**How to complete this task**
Output nothing but the lines from the one holding "Ravensburger Kindere 20594" to the end of the listing. Reproduce them exactly, without the pictures.

(Data section begins)

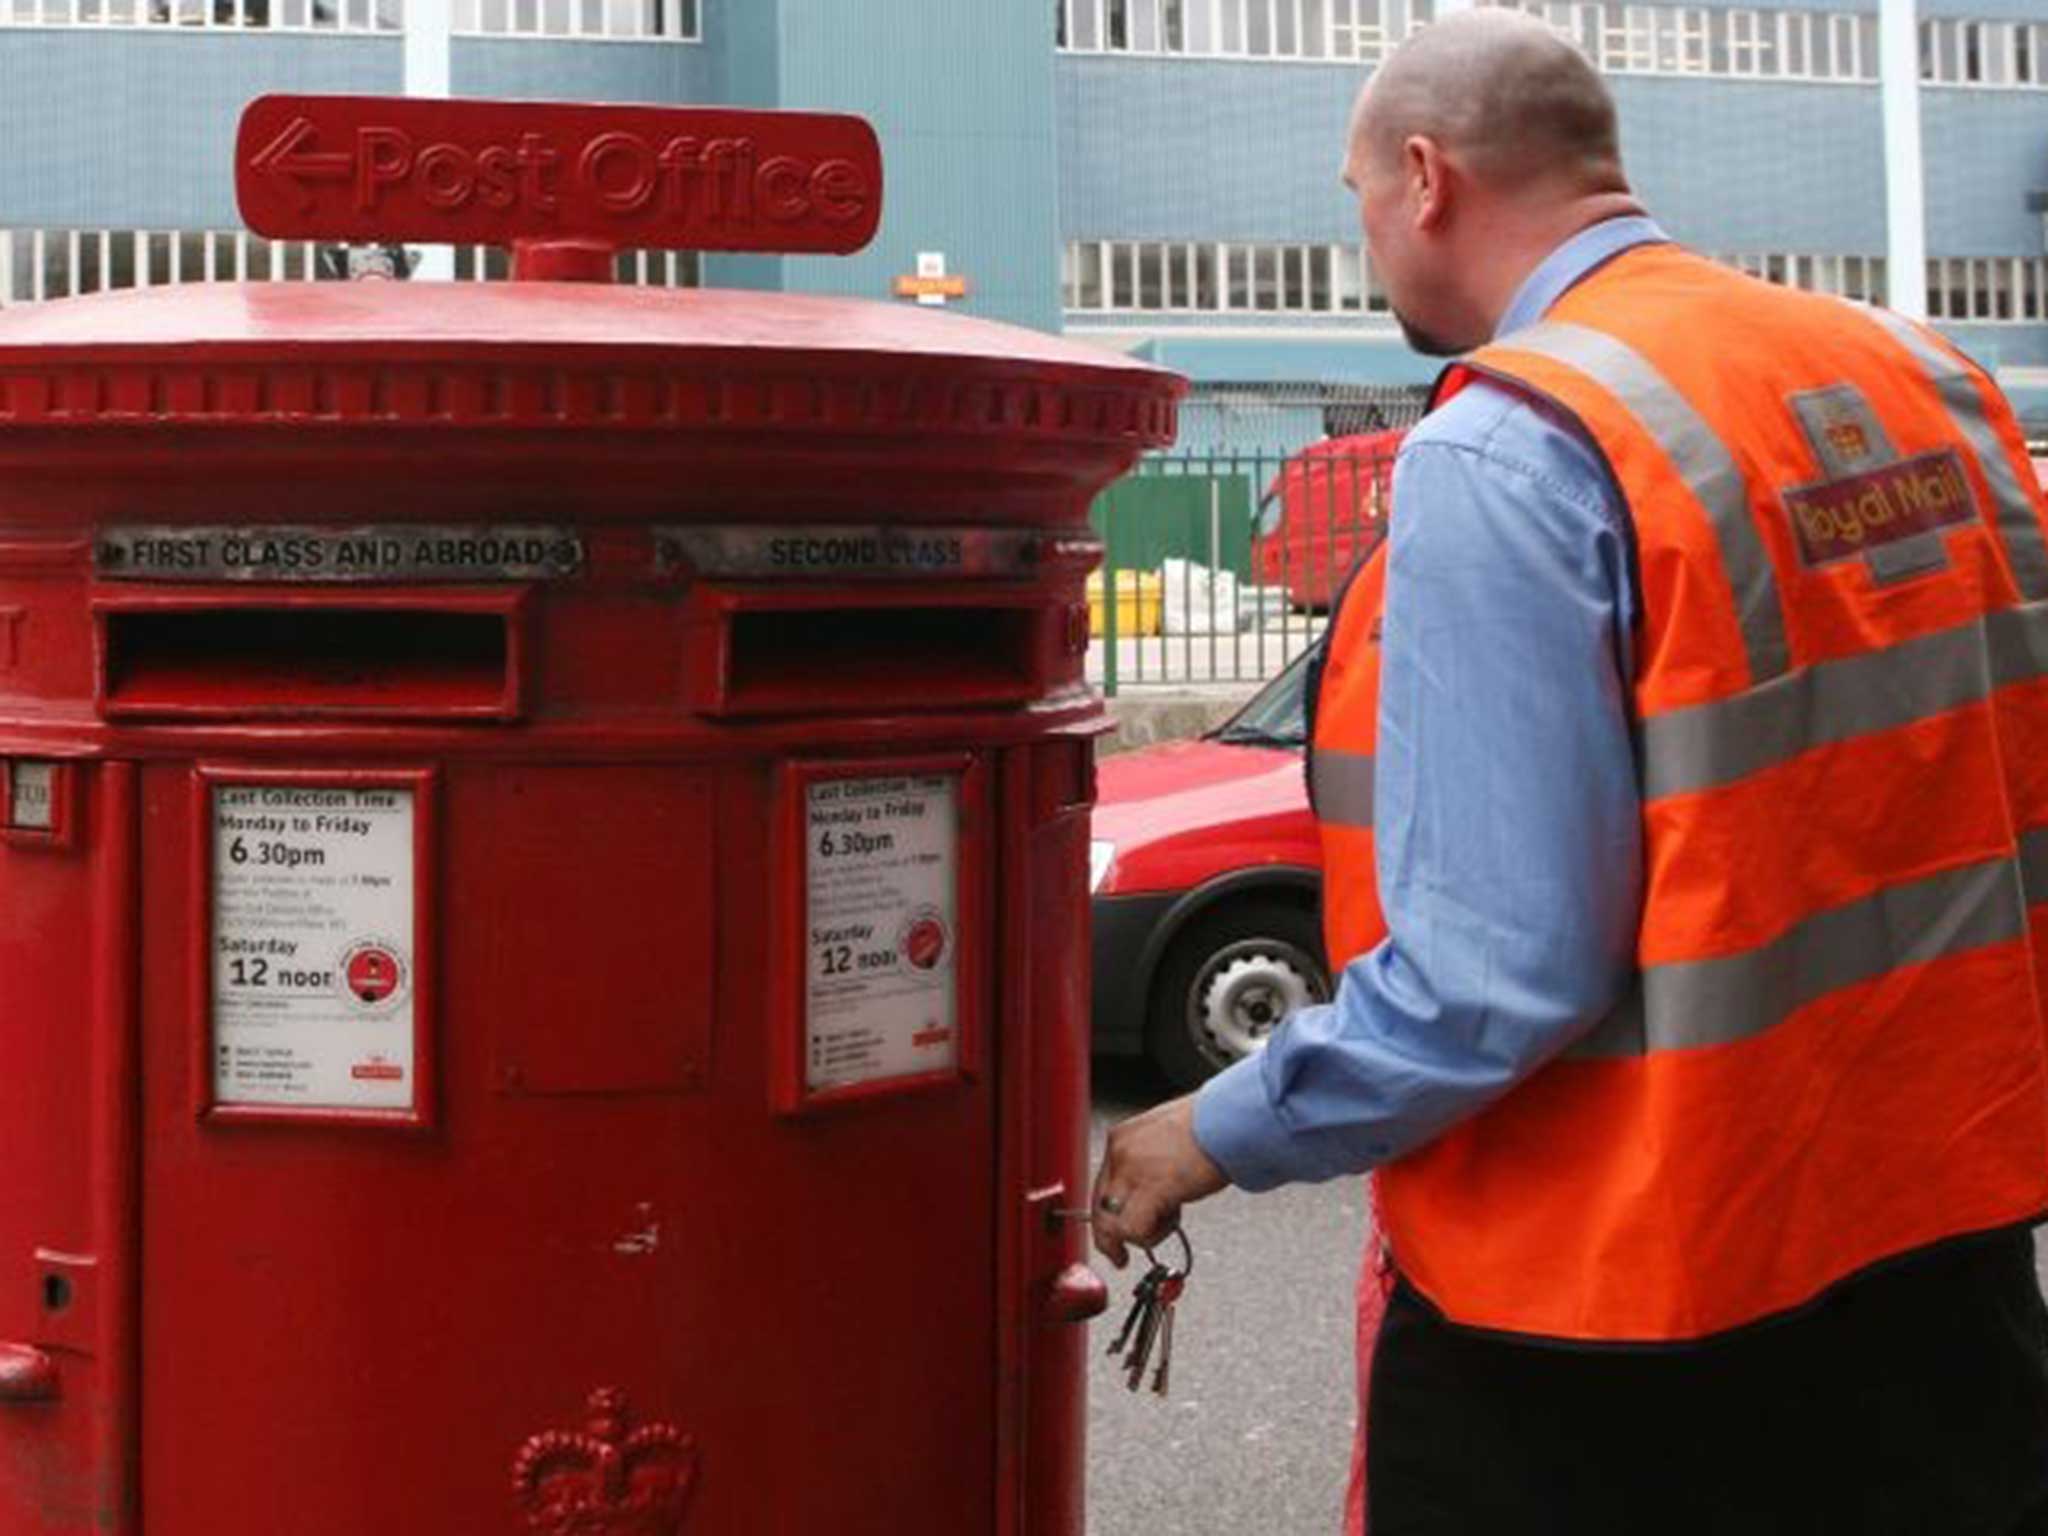 Royal Mail's latest publicity attempt has not been well-received
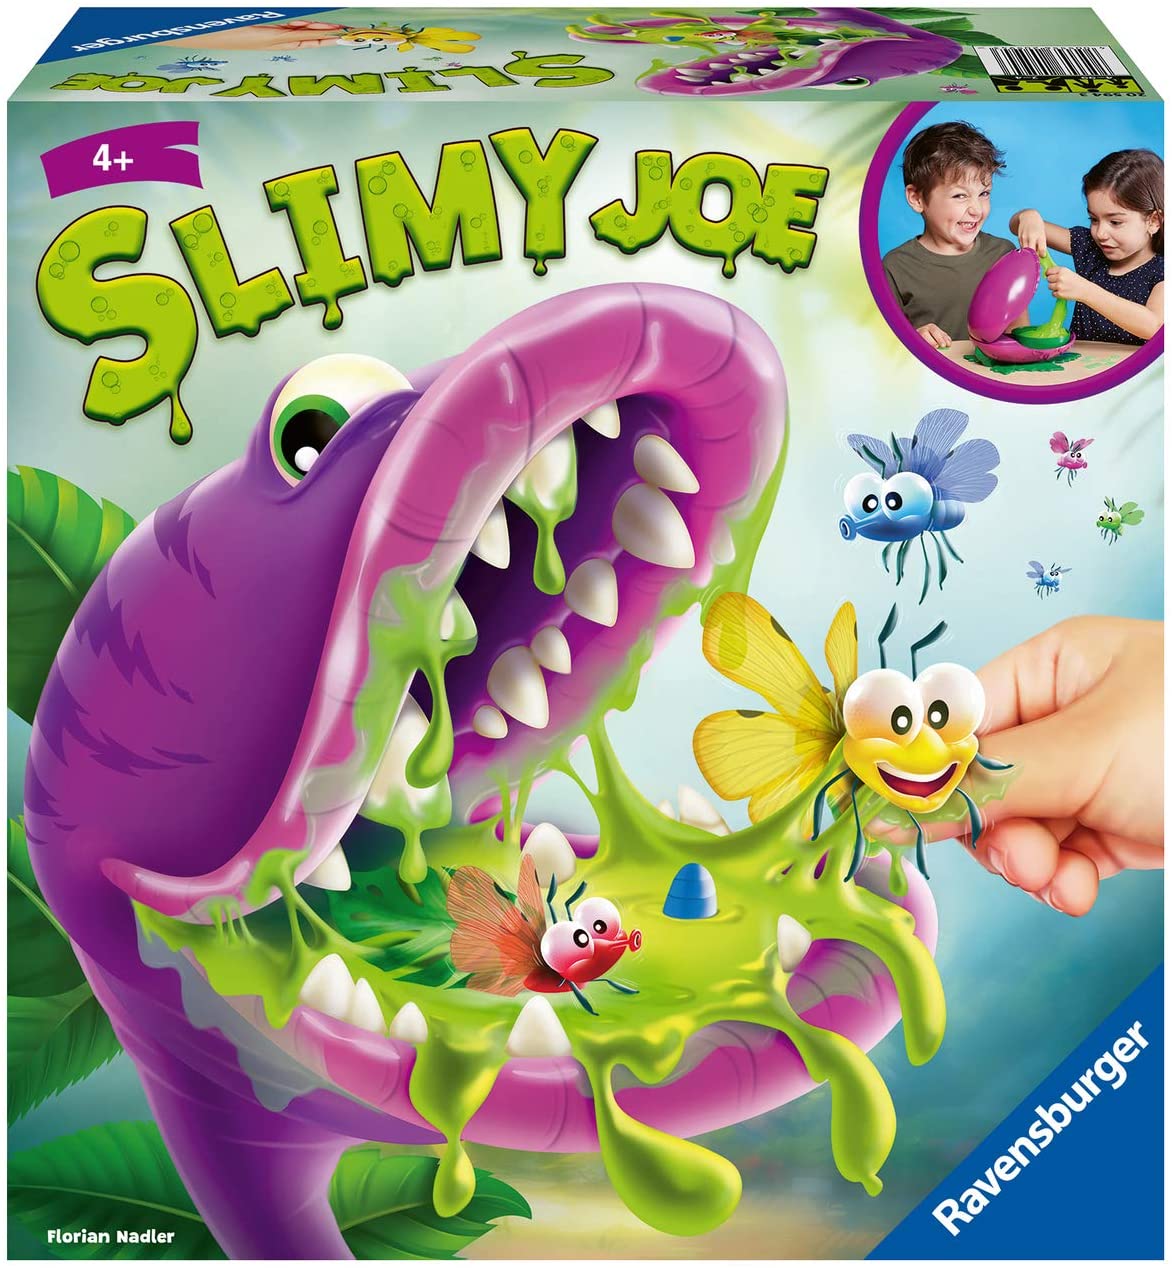 Ravensburger Kindere 20594 Slimy Joe-A Slimy Collectable And Action Game Fo
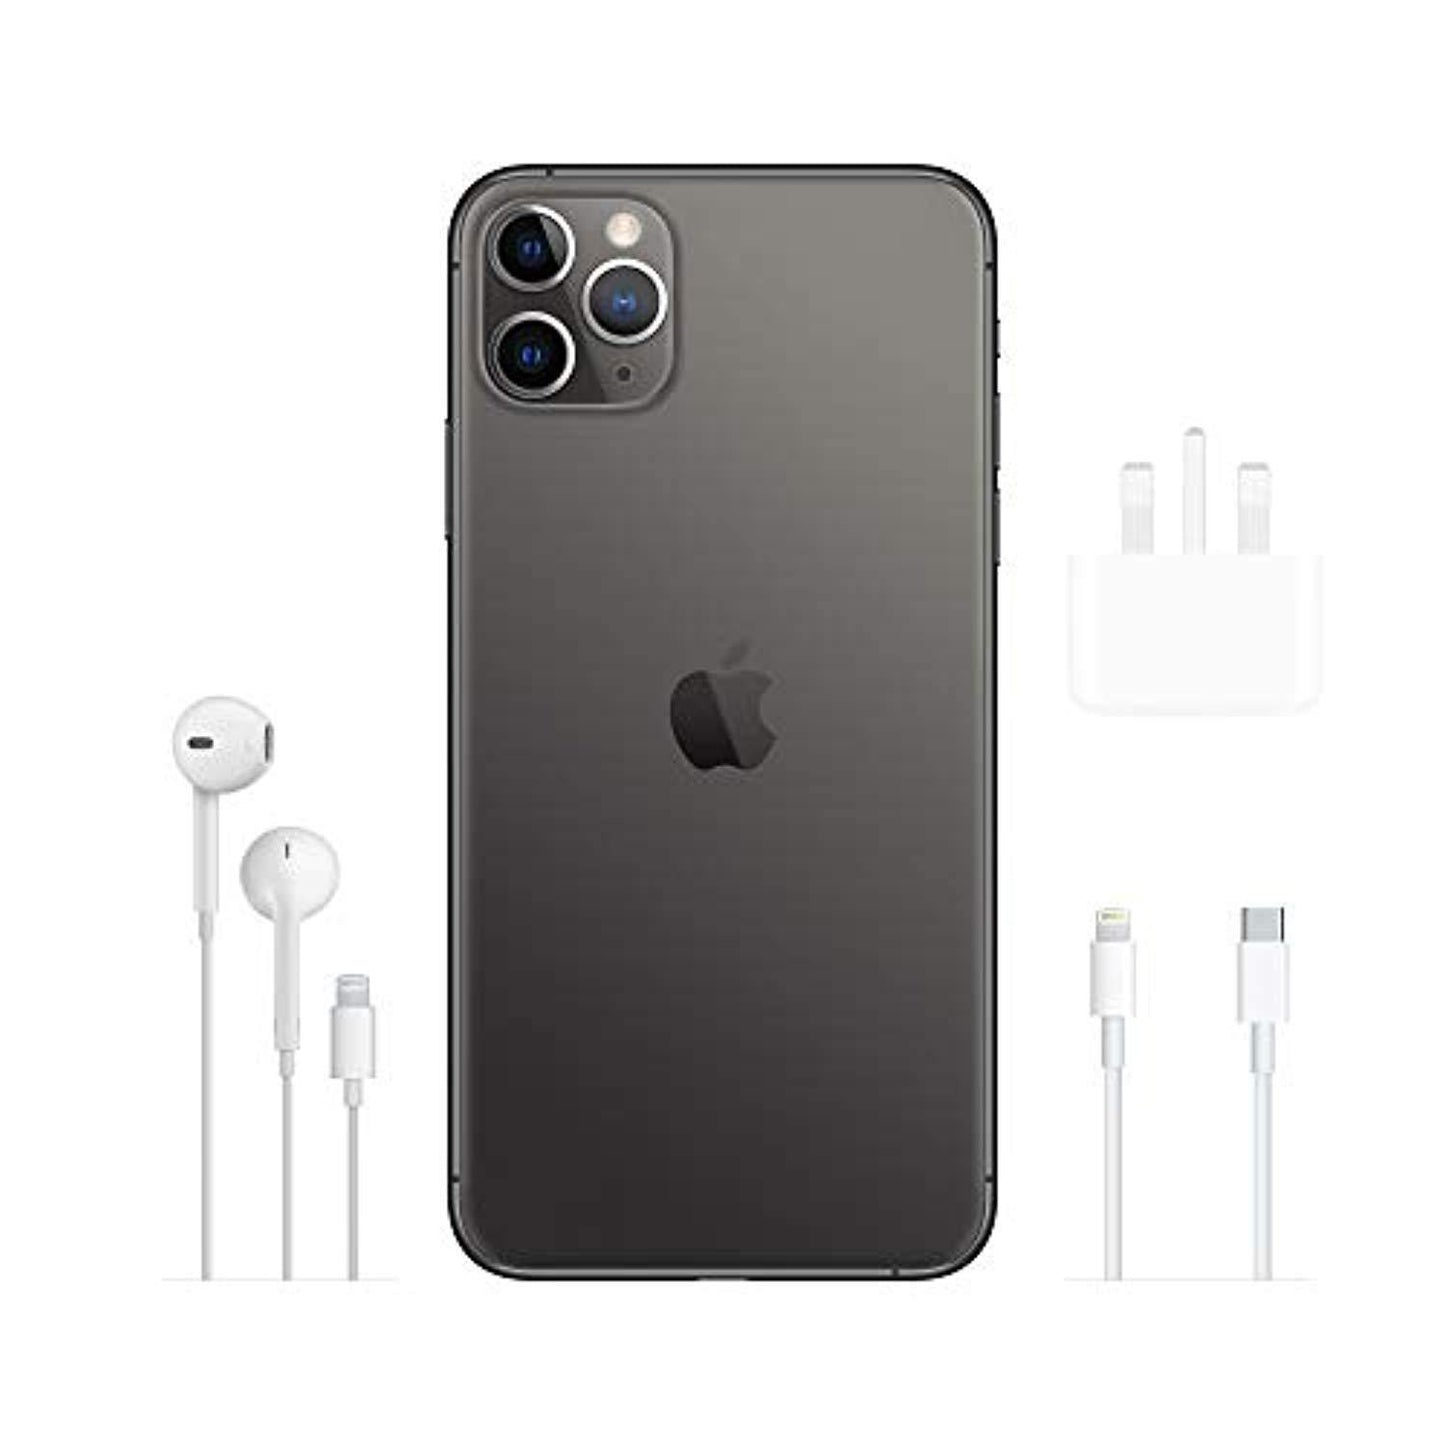 Apple iPhone 11 Pro Max (64GB) - Space Grey - Offer Games

(Data section ends)

**Response to the task**
 Ravensburger Kindere 20594 Slimy Joe-A Slimy Collectable And Action Game Fo
 Apple iPhone 11 Pro Max (64GB) - Space Grey - Offer Games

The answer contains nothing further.